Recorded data
▬▬▬▬▬▬
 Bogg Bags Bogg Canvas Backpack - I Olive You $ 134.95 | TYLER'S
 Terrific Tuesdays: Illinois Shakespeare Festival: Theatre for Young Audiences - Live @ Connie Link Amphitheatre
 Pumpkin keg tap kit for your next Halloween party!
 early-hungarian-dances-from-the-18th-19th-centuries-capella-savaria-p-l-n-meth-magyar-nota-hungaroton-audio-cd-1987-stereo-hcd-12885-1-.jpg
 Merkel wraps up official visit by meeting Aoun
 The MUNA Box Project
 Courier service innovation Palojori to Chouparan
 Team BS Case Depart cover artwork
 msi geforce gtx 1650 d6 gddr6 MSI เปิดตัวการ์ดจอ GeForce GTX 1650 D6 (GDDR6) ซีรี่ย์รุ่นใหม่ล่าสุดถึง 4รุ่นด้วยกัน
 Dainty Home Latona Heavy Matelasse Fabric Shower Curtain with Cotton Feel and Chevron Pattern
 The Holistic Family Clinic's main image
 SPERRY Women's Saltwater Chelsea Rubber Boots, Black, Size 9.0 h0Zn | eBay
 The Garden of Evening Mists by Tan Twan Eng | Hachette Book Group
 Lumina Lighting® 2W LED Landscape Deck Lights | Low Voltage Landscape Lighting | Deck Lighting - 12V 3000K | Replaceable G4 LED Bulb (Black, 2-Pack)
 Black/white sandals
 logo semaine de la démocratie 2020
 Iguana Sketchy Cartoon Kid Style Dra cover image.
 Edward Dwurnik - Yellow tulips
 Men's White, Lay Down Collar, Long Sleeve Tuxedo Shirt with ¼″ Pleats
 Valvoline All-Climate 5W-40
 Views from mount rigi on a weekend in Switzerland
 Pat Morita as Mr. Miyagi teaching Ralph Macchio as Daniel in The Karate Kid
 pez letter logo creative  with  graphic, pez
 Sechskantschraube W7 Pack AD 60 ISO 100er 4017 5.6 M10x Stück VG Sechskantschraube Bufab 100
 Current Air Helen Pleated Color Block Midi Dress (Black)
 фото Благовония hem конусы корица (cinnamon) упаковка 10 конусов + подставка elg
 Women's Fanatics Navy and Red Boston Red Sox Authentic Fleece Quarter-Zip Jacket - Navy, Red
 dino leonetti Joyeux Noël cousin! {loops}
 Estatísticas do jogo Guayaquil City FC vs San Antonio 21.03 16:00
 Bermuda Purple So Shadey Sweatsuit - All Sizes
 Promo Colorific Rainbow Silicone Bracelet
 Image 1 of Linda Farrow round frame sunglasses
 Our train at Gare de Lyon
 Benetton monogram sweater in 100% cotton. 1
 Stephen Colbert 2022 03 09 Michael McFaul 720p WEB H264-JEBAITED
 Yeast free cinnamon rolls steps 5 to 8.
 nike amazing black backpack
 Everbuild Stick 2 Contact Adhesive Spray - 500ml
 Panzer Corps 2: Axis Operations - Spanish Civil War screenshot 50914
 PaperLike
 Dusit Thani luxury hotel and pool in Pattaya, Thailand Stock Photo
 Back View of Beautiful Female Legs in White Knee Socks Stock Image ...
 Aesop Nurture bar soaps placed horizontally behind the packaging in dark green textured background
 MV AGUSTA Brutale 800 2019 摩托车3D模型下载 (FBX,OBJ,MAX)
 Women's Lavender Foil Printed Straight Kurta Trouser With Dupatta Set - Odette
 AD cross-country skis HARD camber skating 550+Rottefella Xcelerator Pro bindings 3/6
▬▬▬▬▬▬
- [Task instructions]: The entries above are to be retyped exactly.

- [Your solution]:
 Bogg Bags Bogg Canvas Backpack - I Olive You $ 134.95 | TYLER'S
 Terrific Tuesdays: Illinois Shakespeare Festival: Theatre for Young Audiences - Live @ Connie Link Amphitheatre
 Pumpkin keg tap kit for your next Halloween party!
 early-hungarian-dances-from-the-18th-19th-centuries-capella-savaria-p-l-n-meth-magyar-nota-hungaroton-audio-cd-1987-stereo-hcd-12885-1-.jpg
 Merkel wraps up official visit by meeting Aoun
 The MUNA Box Project
 Courier service innovation Palojori to Chouparan
 Team BS Case Depart cover artwork
 msi geforce gtx 1650 d6 gddr6 MSI เปิดตัวการ์ดจอ GeForce GTX 1650 D6 (GDDR6) ซีรี่ย์รุ่นใหม่ล่าสุดถึง 4รุ่นด้วยกัน
 Dainty Home Latona Heavy Matelasse Fabric Shower Curtain with Cotton Feel and Chevron Pattern
 The Holistic Family Clinic's main image
 SPERRY Women's Saltwater Chelsea Rubber Boots, Black, Size 9.0 h0Zn | eBay
 The Garden of Evening Mists by Tan Twan Eng | Hachette Book Group
 Lumina Lighting® 2W LED Landscape Deck Lights | Low Voltage Landscape Lighting | Deck Lighting - 12V 3000K | Replaceable G4 LED Bulb (Black, 2-Pack)
 Black/white sandals
 logo semaine de la démocratie 2020
 Iguana Sketchy Cartoon Kid Style Dra cover image.
 Edward Dwurnik - Yellow tulips
 Men's White, Lay Down Collar, Long Sleeve Tuxedo Shirt with ¼″ Pleats
 Valvoline All-Climate 5W-40
 Views from mount rigi on a weekend in Switzerland
 Pat Morita as Mr. Miyagi teaching Ralph Macchio as Daniel in The Karate Kid
 pez letter logo creative  with  graphic, pez
 Sechskantschraube W7 Pack AD 60 ISO 100er 4017 5.6 M10x Stück VG Sechskantschraube Bufab 100
 Current Air Helen Pleated Color Block Midi Dress (Black)
 фото Благовония hem конусы корица (cinnamon) упаковка 10 конусов + подставка elg
 Women's Fanatics Navy and Red Boston Red Sox Authentic Fleece Quarter-Zip Jacket - Navy, Red
 dino leonetti Joyeux Noël cousin! {loops}
 Estatísticas do jogo Guayaquil City FC vs San Antonio 21.03 16:00
 Bermuda Purple So Shadey Sweatsuit - All Sizes
 Promo Colorific Rainbow Silicone Bracelet
 Image 1 of Linda Farrow round frame sunglasses
 Our train at Gare de Lyon
 Benetton monogram sweater in 100% cotton. 1
 Stephen Colbert 2022 03 09 Michael McFaul 720p WEB H264-JEBAITED
 Yeast free cinnamon rolls steps 5 to 8.
 nike amazing black backpack
 Everbuild Stick 2 Contact Adhesive Spray - 500ml
 Panzer Corps 2: Axis Operations - Spanish Civil War screenshot 50914
 PaperLike
 Dusit Thani luxury hotel and pool in Pattaya, Thailand Stock Photo
 Back View of Beautiful Female Legs in White Knee Socks Stock Image ...
 Aesop Nurture bar soaps placed horizontally behind the packaging in dark green textured background
 MV AGUSTA Brutale 800 2019 摩托车3D模型下载 (FBX,OBJ,MAX)
 Women's Lavender Foil Printed Straight Kurta Trouser With Dupatta Set - Odette
 AD cross-country skis HARD camber skating 550+Rottefella Xcelerator Pro bindings 3/6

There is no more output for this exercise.